(Collected data)
※ ※ ※

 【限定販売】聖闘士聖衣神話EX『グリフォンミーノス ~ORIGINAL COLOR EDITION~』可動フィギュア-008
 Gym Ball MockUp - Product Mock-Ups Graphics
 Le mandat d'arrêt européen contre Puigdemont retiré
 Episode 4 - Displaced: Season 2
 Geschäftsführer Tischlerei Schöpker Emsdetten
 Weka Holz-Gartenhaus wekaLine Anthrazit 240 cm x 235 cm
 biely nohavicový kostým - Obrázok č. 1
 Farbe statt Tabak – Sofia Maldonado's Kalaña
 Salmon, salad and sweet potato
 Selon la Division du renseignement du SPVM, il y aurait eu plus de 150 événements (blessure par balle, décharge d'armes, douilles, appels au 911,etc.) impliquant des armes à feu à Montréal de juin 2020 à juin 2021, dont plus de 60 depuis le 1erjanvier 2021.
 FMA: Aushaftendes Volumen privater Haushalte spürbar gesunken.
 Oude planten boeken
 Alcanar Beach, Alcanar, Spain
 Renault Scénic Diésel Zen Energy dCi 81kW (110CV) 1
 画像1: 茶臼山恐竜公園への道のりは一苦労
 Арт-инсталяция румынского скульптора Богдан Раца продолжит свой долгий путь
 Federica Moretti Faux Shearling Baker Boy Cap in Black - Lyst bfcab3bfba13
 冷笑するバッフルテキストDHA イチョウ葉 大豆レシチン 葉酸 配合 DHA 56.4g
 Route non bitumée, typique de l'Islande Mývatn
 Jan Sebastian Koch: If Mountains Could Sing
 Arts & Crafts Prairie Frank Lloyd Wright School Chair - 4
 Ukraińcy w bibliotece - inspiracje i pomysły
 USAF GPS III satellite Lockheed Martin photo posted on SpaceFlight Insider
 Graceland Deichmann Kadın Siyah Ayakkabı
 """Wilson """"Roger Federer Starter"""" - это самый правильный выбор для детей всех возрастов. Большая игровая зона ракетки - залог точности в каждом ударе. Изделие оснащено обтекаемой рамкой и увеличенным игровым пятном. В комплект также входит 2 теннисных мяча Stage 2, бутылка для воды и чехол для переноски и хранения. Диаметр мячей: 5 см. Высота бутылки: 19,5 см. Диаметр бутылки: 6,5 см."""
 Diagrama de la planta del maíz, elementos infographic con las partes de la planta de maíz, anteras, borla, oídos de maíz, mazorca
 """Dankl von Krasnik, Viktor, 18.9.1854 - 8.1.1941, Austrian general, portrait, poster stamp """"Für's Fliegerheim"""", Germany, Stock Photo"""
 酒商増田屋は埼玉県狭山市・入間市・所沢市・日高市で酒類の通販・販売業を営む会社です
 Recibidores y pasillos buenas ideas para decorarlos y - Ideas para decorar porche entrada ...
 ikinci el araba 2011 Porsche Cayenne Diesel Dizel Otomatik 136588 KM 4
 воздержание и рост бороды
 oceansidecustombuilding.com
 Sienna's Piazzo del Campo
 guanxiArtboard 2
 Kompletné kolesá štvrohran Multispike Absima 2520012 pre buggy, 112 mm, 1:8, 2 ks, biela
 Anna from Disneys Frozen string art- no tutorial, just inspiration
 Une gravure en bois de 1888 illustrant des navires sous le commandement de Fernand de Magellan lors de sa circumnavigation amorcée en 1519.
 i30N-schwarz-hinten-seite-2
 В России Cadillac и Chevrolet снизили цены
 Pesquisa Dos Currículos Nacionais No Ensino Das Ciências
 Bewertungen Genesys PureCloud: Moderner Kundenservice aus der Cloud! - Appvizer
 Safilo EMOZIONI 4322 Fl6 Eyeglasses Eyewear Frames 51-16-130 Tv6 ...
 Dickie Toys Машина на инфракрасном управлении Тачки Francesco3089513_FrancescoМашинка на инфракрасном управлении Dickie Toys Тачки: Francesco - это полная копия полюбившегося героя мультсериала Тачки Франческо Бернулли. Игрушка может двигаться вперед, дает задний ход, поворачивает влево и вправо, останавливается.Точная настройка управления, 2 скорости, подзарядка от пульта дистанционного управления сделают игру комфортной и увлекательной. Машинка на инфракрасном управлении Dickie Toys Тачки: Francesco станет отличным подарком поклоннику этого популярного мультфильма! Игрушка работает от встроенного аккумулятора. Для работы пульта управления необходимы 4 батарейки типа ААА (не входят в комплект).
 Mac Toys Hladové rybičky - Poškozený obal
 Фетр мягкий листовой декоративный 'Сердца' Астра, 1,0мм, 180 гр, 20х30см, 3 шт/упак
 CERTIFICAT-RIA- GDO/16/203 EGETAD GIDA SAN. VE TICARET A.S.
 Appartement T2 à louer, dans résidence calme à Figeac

※ ※ ※

**TASK ITEM:**
In the entries above, find the line holding "- это самый" and the line holding "guanxiArtboard 2", then retype exactly those two lines and every line between them, and nothing else.

**REPLY TO THE TASK:**
 """Wilson """"Roger Federer Starter"""" - это самый правильный выбор для детей всех возрастов. Большая игровая зона ракетки - залог точности в каждом ударе. Изделие оснащено обтекаемой рамкой и увеличенным игровым пятном. В комплект также входит 2 теннисных мяча Stage 2, бутылка для воды и чехол для переноски и хранения. Диаметр мячей: 5 см. Высота бутылки: 19,5 см. Диаметр бутылки: 6,5 см."""
 Diagrama de la planta del maíz, elementos infographic con las partes de la planta de maíz, anteras, borla, oídos de maíz, mazorca
 """Dankl von Krasnik, Viktor, 18.9.1854 - 8.1.1941, Austrian general, portrait, poster stamp """"Für's Fliegerheim"""", Germany, Stock Photo"""
 酒商増田屋は埼玉県狭山市・入間市・所沢市・日高市で酒類の通販・販売業を営む会社です
 Recibidores y pasillos buenas ideas para decorarlos y - Ideas para decorar porche entrada ...
 ikinci el araba 2011 Porsche Cayenne Diesel Dizel Otomatik 136588 KM 4
 воздержание и рост бороды
 oceansidecustombuilding.com
 Sienna's Piazzo del Campo
 guanxiArtboard 2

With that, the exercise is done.